Instructions for the task>
Only the pictures are to be left out; return the rest of the data exactly as it stands.

Stored data>
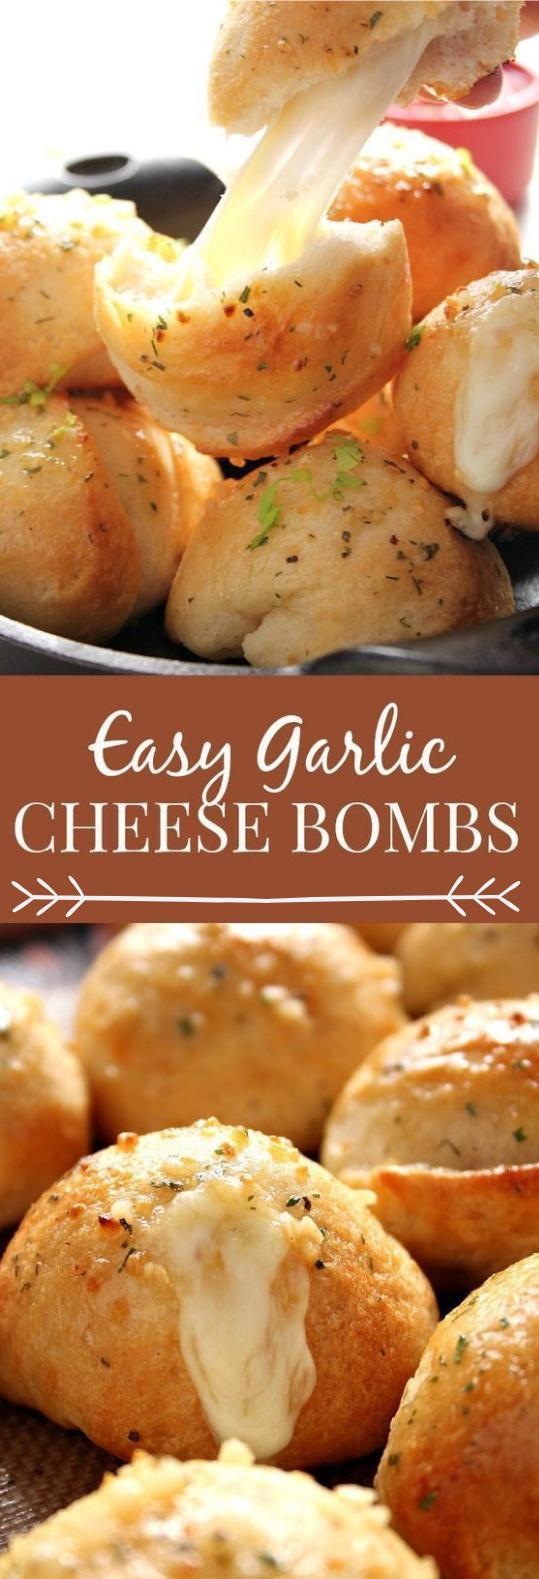 Easy Garlic Cheese Bombs Recipe #garlic #vegetarian
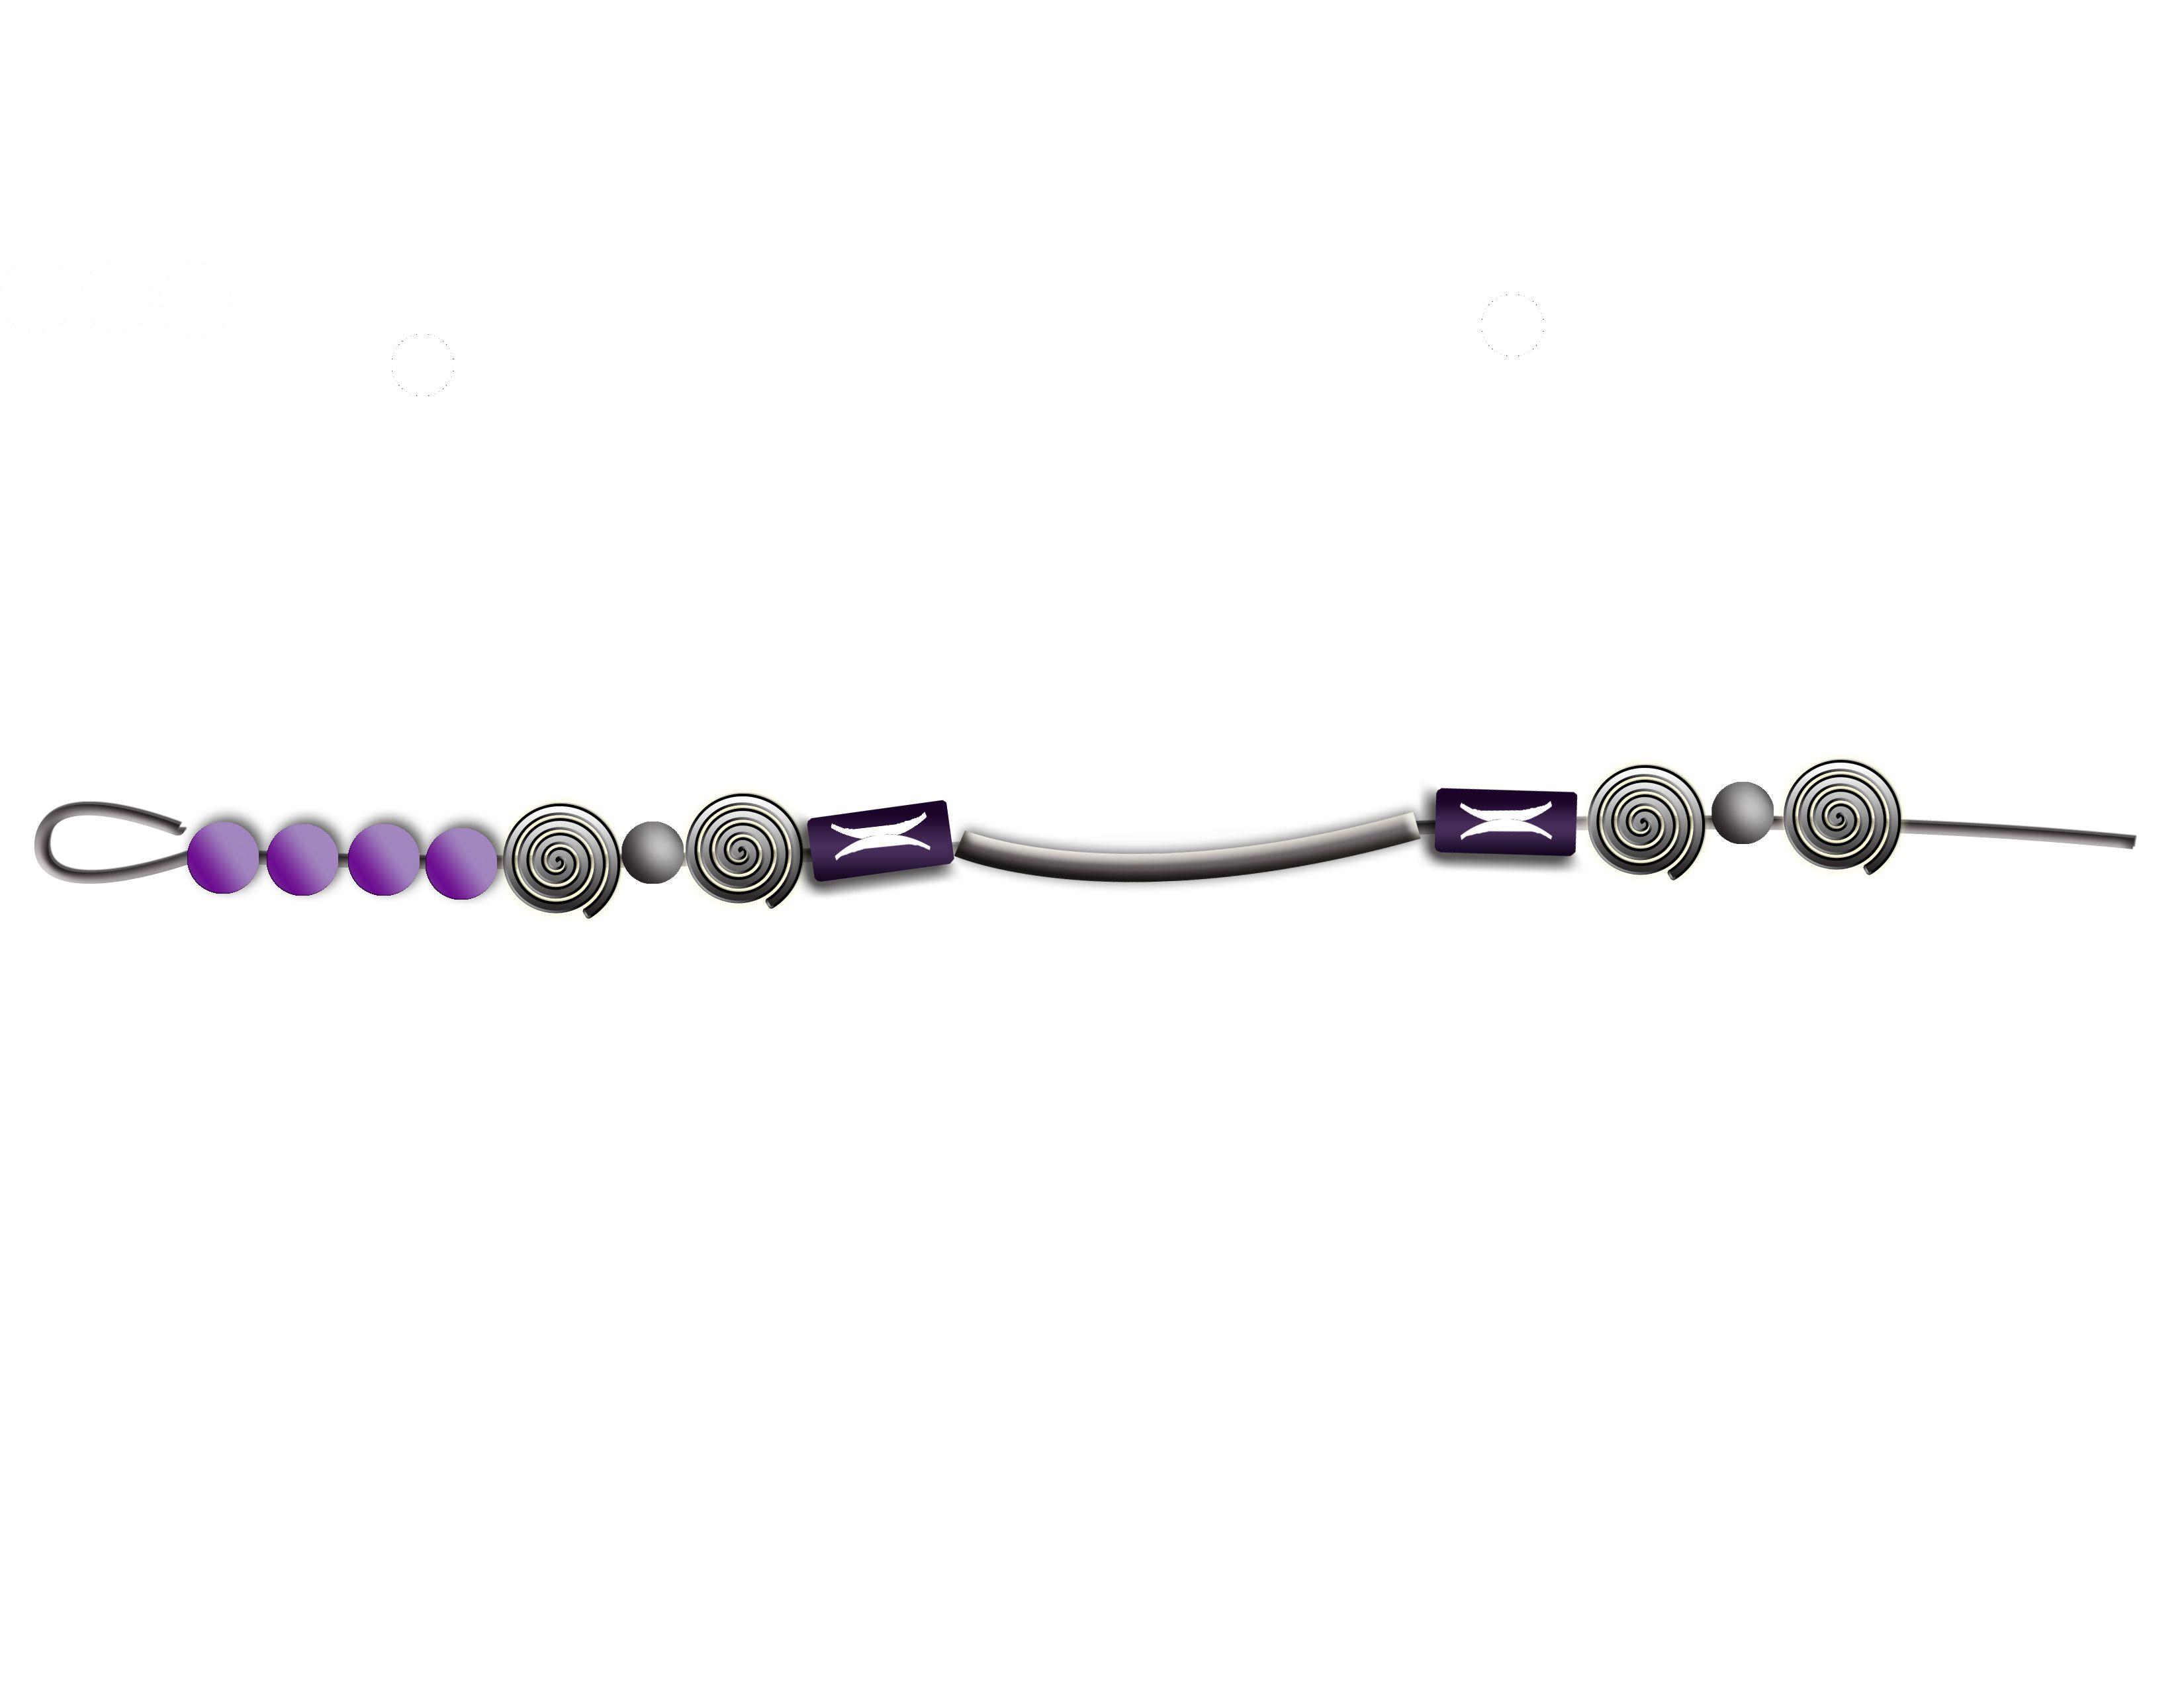 Boho Memory Wire Wrap Bracelet with a Paper Bead Twist
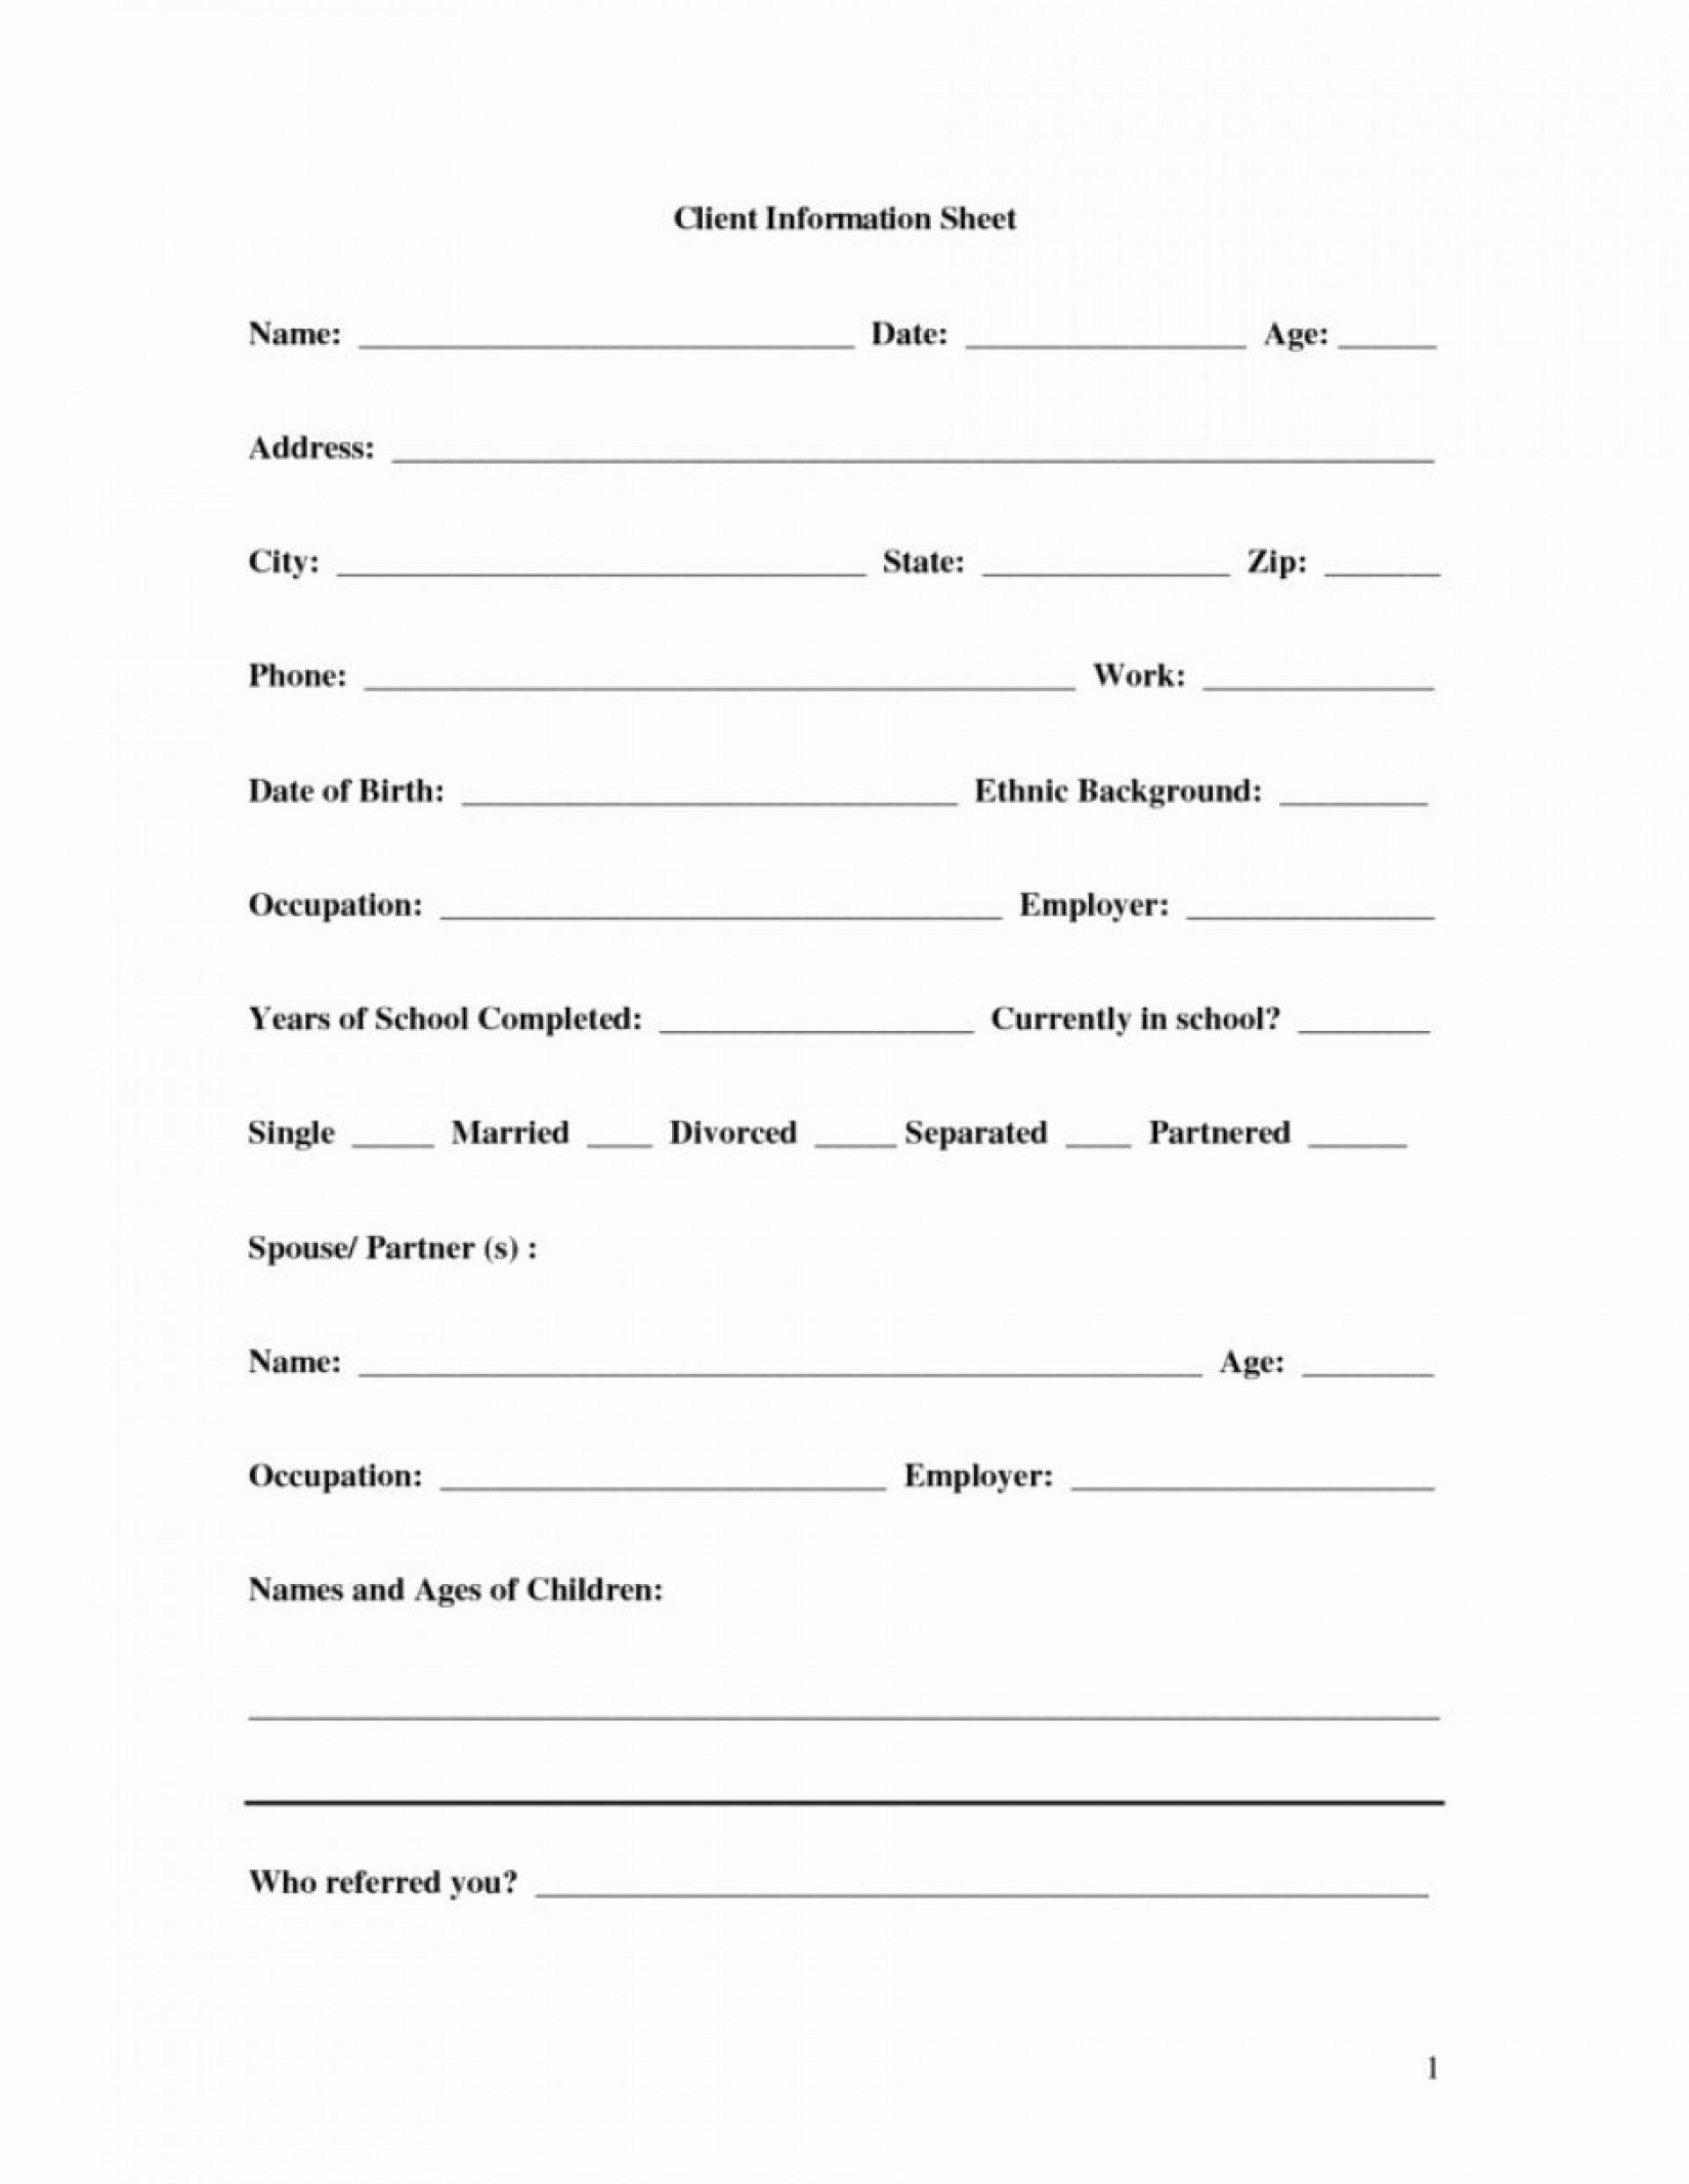 002 Breathtaking New Customer Form Template Word Design  Registration Account Feedback1920

Your solution>
 Easy Garlic Cheese Bombs Recipe #garlic #vegetarian
 Boho Memory Wire Wrap Bracelet with a Paper Bead Twist
 002 Breathtaking New Customer Form Template Word Design  Registration Account Feedback1920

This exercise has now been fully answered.